(The Evansville Courier & Press published the following column by Dave Johnson on its website on August 20. Gene Norman is a retired member of BLE Division 246 in Evansville.)
EVANSVILLE, Ind. — Gene Norman may be on the ropes, but he isn’t down for the count.
The old boxer is still in there fighting. Fighting for his kids.
And he needs your help.
Since 1997, Norman has operated the West Side Boxing Club at 3712 Upper Mount Vernon Road. Werner Construction donates use of the building and pays the club’s utilities.
But that’s about to change.
Two weeks ago, the otherwise vacant building was sold. Which means the boxers will have to go.
“We’ve got until Aug. 30,” Norman said. “Then we have to find a new place.”
So far, he’s had no luck.
“We’ve talked to some people and put some feelers out, but nothing definite,” Norman said. “We’re in a real bind.”
He’s been in binds before, and he’s always managed to work out of them.
“When we started the club, we didn’t have anything,” said Norman, a retired locomotive engineer. Not even a ring.
“We held car washes and parked cars at the Fall Festival. Stanley Johnson, my coach at the time, and I put up some of our own money. Then we went out and knocked on doors.
“We raised enough money to buy the canvas and ropes, and we got some of the lumber donated. Then the Werners put it together for us.”
Bruce and Lisa Werner, who owned the two-story brick building “couldn’t have been any better to us,” Norman said. “They gave us the upstairs, gave me a key and paid for everything.”
Norman received more help last fall, when the club’s furnace broke down. Randy Weir, who owns a West Side heating and air conditioning company, donated and installed a new one.
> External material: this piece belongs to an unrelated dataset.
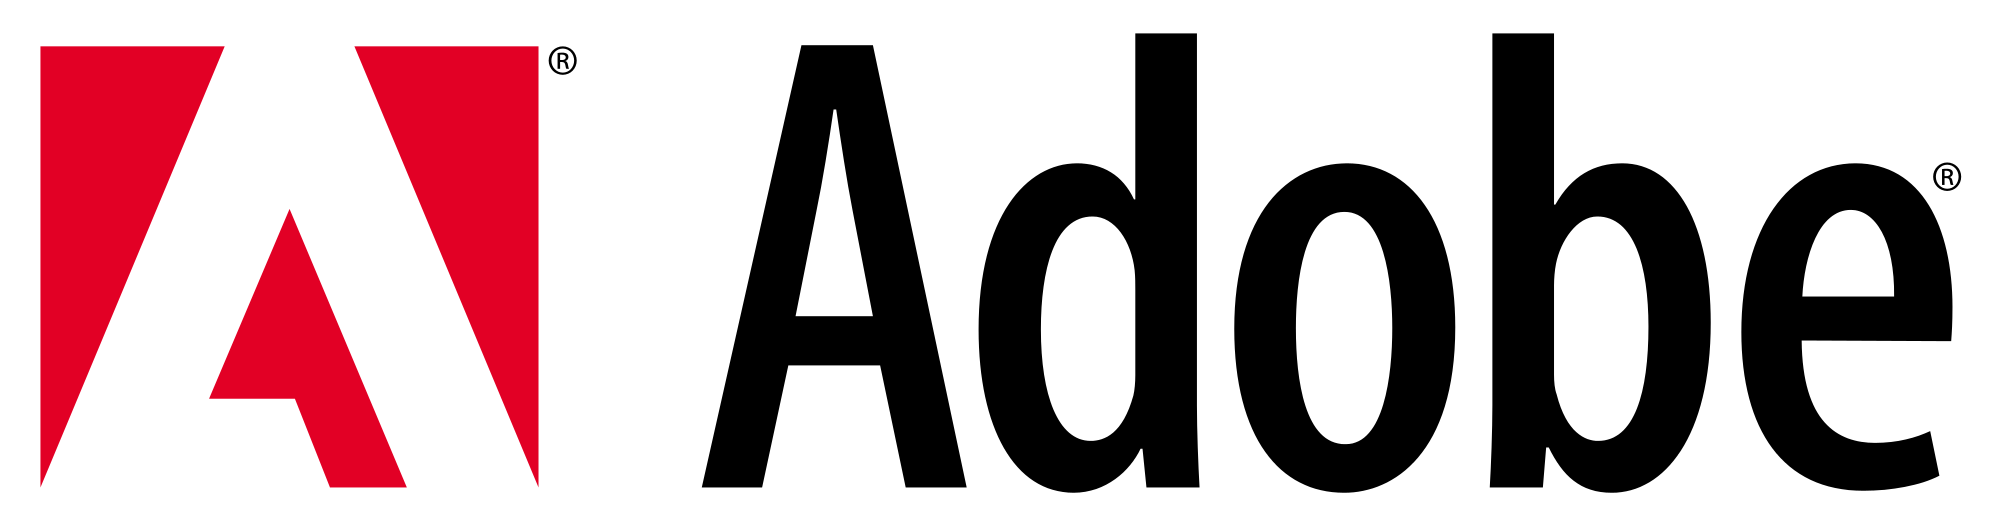 Adobe Digital Asset Management logo

“A lot of people have helped us over the years,” said Norman. “We couldn’t have made it with out them.”
Norman, 67, has been involved with boxing since he was a kid growing up on the West Side.
“Back then, the police department sponsored a league (and) the firefighters had a team. I boxed for Ed Mooney. He ran a car dealership on West Franklin Street and had a boxing club in the front of the building.”
He also boxed in the Navy. “I boxed all over the East – in Japan, in the Phillipines. Sometimes, we’d box on the ship. Or we’d go into a port and lay down a mat …”
When he left the Navy in 1956, Norman returned home, started raising a family and got into coaching youth baseball, basketball and boxing teams. He helped Dick Hildebrandt coach the Evansville Boxing Club at the C.K. Newsome Center. Then he decided to start his own club. Since the West Side Boxing Club opened in September, 1997, Norman estimates about 300 male and female fighters between the ages of 8 and 28 have passed through the doors. Several have won state championships.
They work out for two hours a night, three nights a week. Norman and Larry Williams, whose son is in the club, are the coaches.
“Sometimes we have 10, sometimes 12 and sometimes four,” Norman said. “We average 10 to 15 a night, but we could have 15 today and one tomorrow. They come and go, but we always have enough to stay open.”
The club is non-profit. I asked Norman what he gets out of it.
“I love working with the kids. It gives me something to do and it gives them some place to go. It keeps them off the street. And I’ll tell you this: We’ve never had one of them get in trouble yet.”
The only cost to the boxer is a $35 fee for insurance and $5 for hand wraps. “I buy mouthpieces by the gross and give them away,” said Norman.
Parents and grandparents often chip in, too, to help defray travel and other expenses and to buy “the necessities, like light bulbs and toilet paper.”
“The ring, the bags and the other equipment are already paid for,” Norman said. “So, really, we don’t need a lot of money” to stay in business.
But they do need a new home. If you can help, call Norman at (812) 491-0395 or Williams at 422-0074.
“I’d like to keep this going,” Norman said. “I’d sure hate to close her down.”